Dry and wet sliding, fatigue, creep and mechanical properties of AA-7475 metal matrix composite reinforced with Si2N2O from rice husk ash

Abstract

This study extensively explores the mechanical performance of AA7475 metal matrix composites reinforced with heat-treated Si2N2O sourced from rice husk ash. The specimens were meticulously fabricated using the stir casting method, ensuring a homogeneous dispersion of Si2N2O particles within the AA7475 matrix. The characterization of these specimens followed ASTM standards, encompassing evaluations of dry and wet sliding behavior, fatigue strength, creep resistance, and overall mechanical properties.Among the various specimens, the AAR3 designation emerged as the most promising, showcasing exceptional mechanical properties. AAR3 exhibited a remarkable tensile strength of 569 MPa, accompanied by a reduced elongation of 8%, yield strength of 264 MPa, and impact energy of 24.15 J. The increased rigidity attributed to the 6wt% Si2N2O particles in AAR3 also led to an improved hardness of 164.The trend of enhanced mechanical strength extended to fatigue properties, with AAR2 delivering a notable fatigue strength of 329 MPa.
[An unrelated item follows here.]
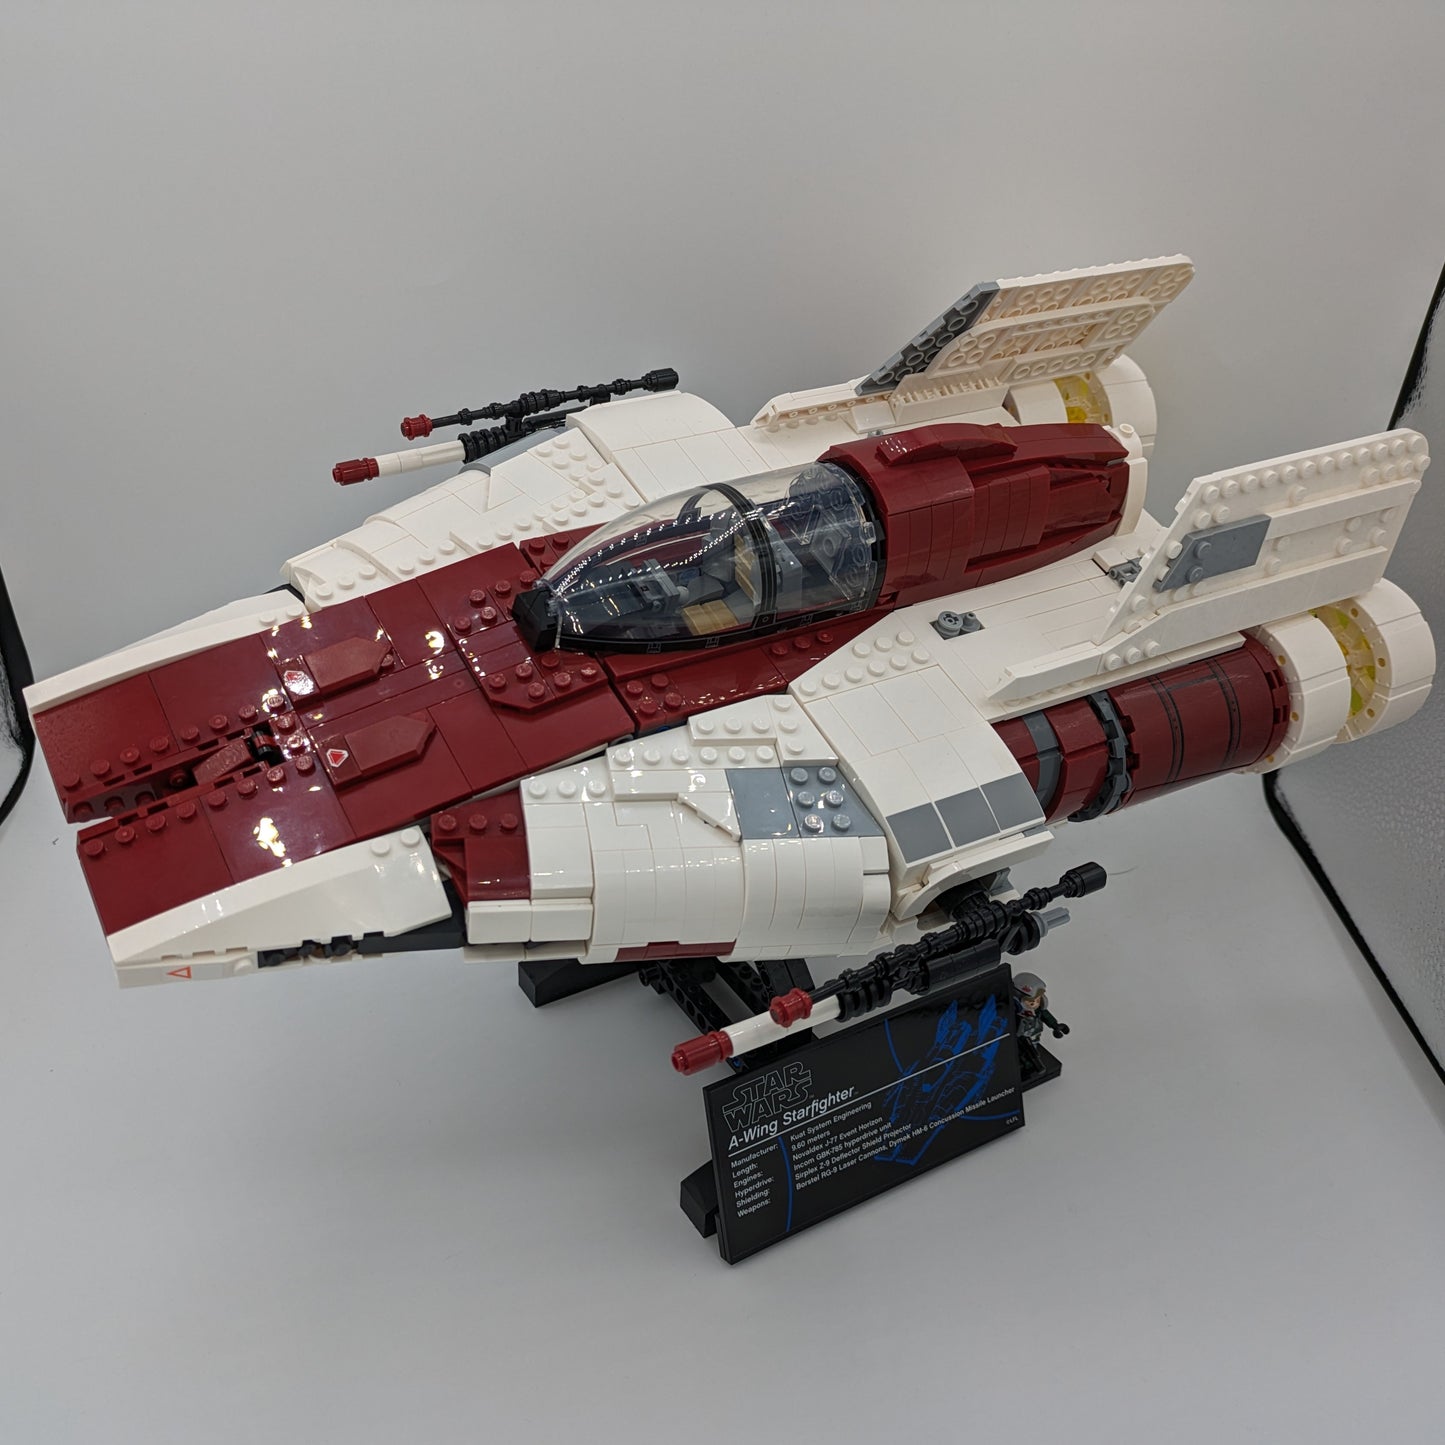 A-Wing Starfighter - UCS
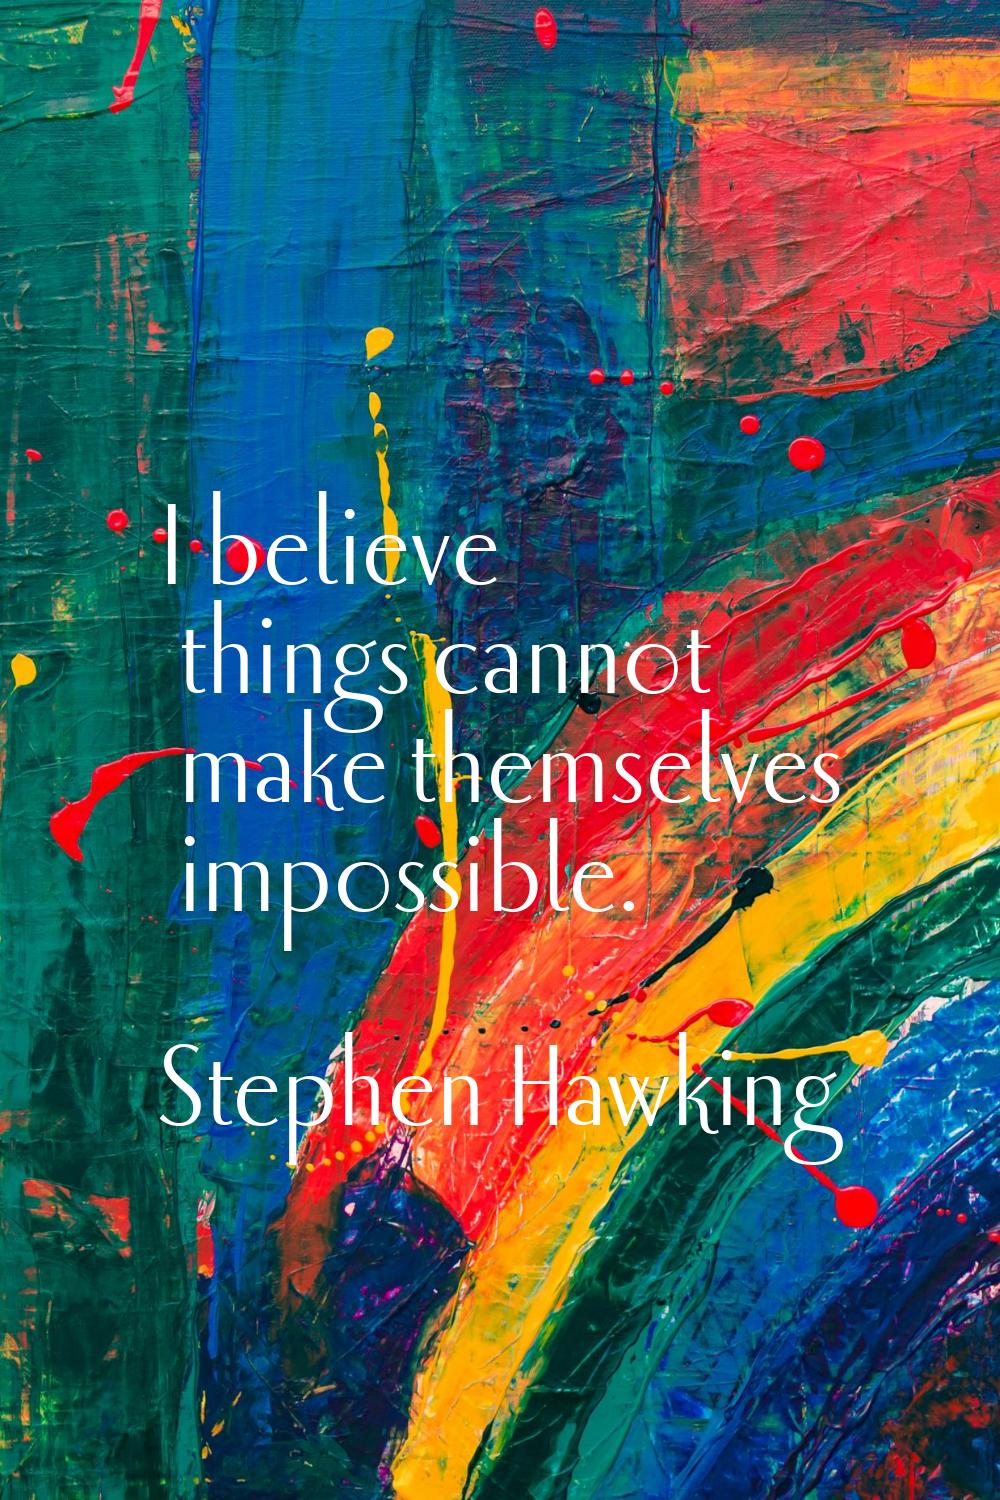 I believe things cannot make themselves impossible.

In terms of wear resistance, AAR3 stood out with impressive results, featuring a specific wear rate of 0.0075 mm³/Nm and a coefficient of friction (COF) of 0.44 for dry sliding wear. For wet sliding wear, AAR3 demonstrated a specific wear rate of 0.0047 mm³/Nm and a COF of 0.42.In the realm of creep properties, AAR3 exhibited reduced creep strain values of 0.01824, 0.0233, 0.0934, 0.2004, and 0.3505 for time intervals of 2000, 4000, 6000, 8000, and 10,000 s, respectively. These findings collectively emphasize the superior mechanical and tribological performance of AAR3, underlining the potential of heat-treated Si2N2O reinforcement for enhancing the properties of AA7475 metal matrix composites.